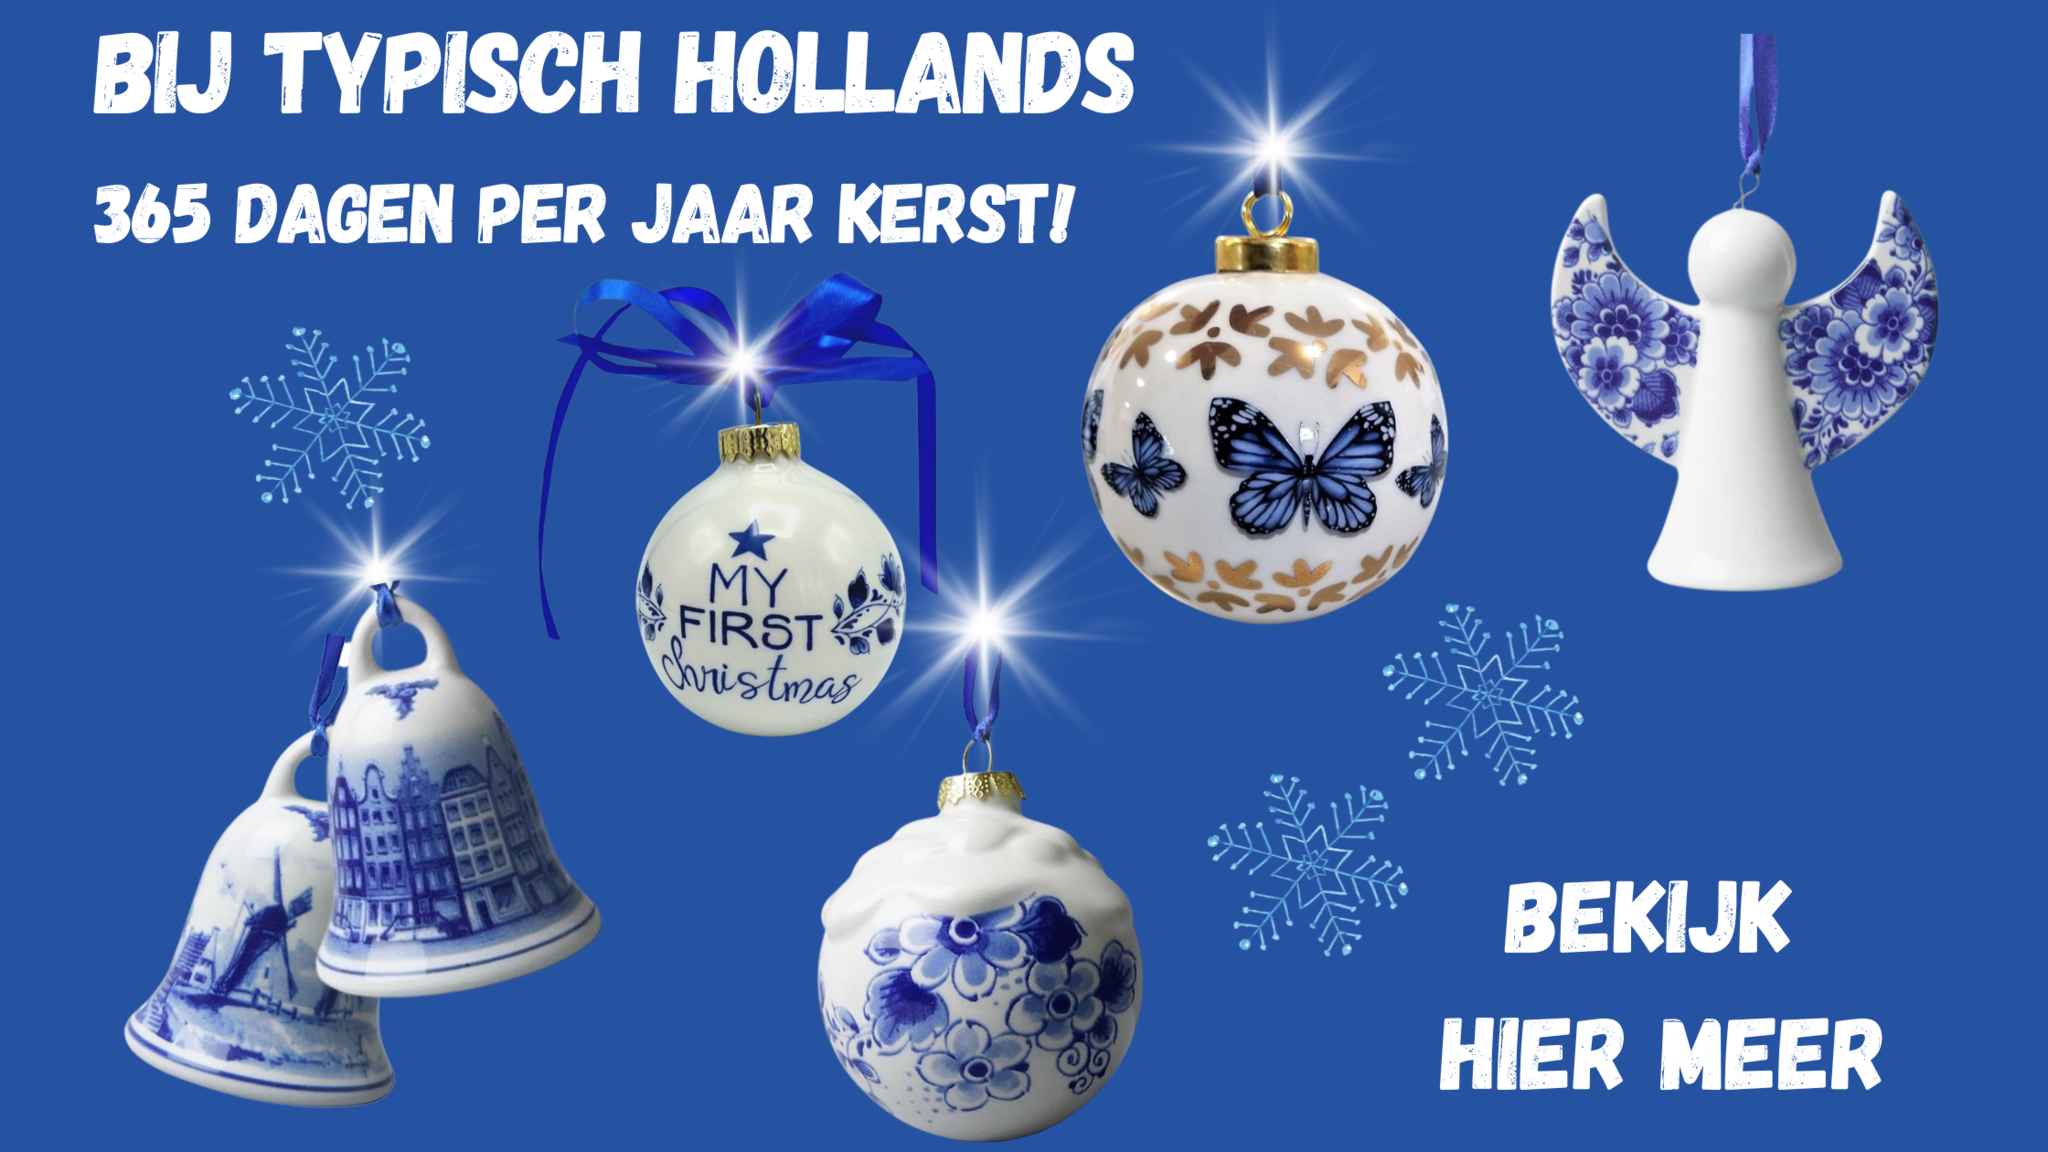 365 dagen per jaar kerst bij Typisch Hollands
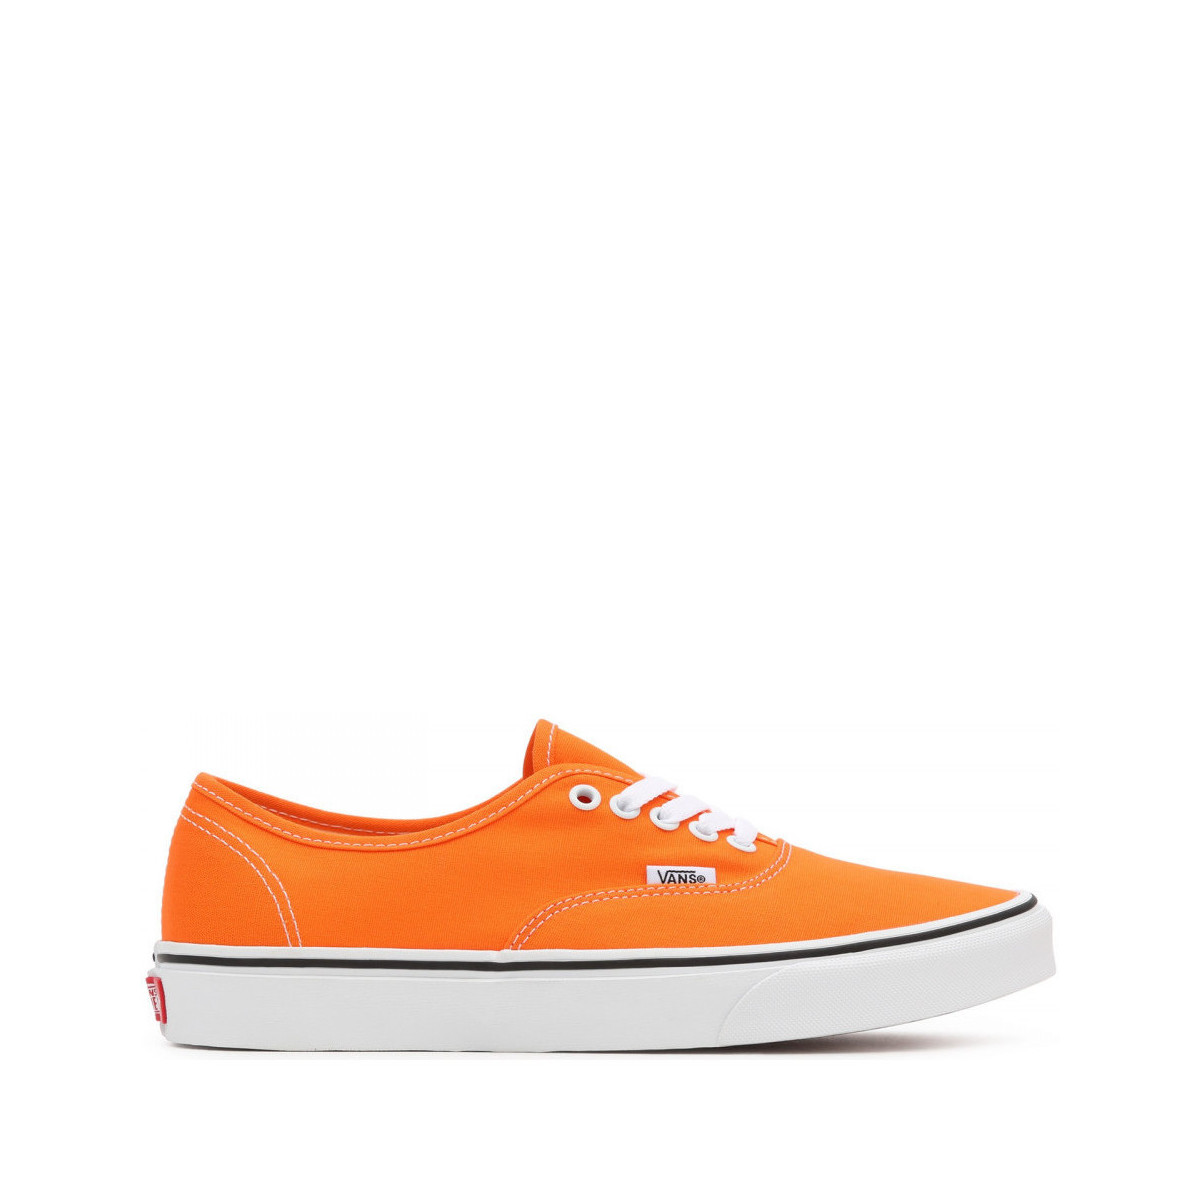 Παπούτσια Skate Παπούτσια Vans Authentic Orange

┄┄┄┄┄┄┄┄┄┄┄┄┄┄┄┄┄┄┄┄

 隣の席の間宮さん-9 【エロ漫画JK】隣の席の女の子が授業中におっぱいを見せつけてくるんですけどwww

┄┄┄┄┄┄┄┄┄┄┄┄┄┄┄┄┄┄┄┄

From the records above, copy only the lines running from the line holding "365 dagen per" through the line holding "Παπούτσια Skate Παπούτσια", with no pictures.

__Exercise solution__:
 365 dagen per jaar kerst bij Typisch Hollands
 Παπούτσια Skate Παπούτσια Vans Authentic Orange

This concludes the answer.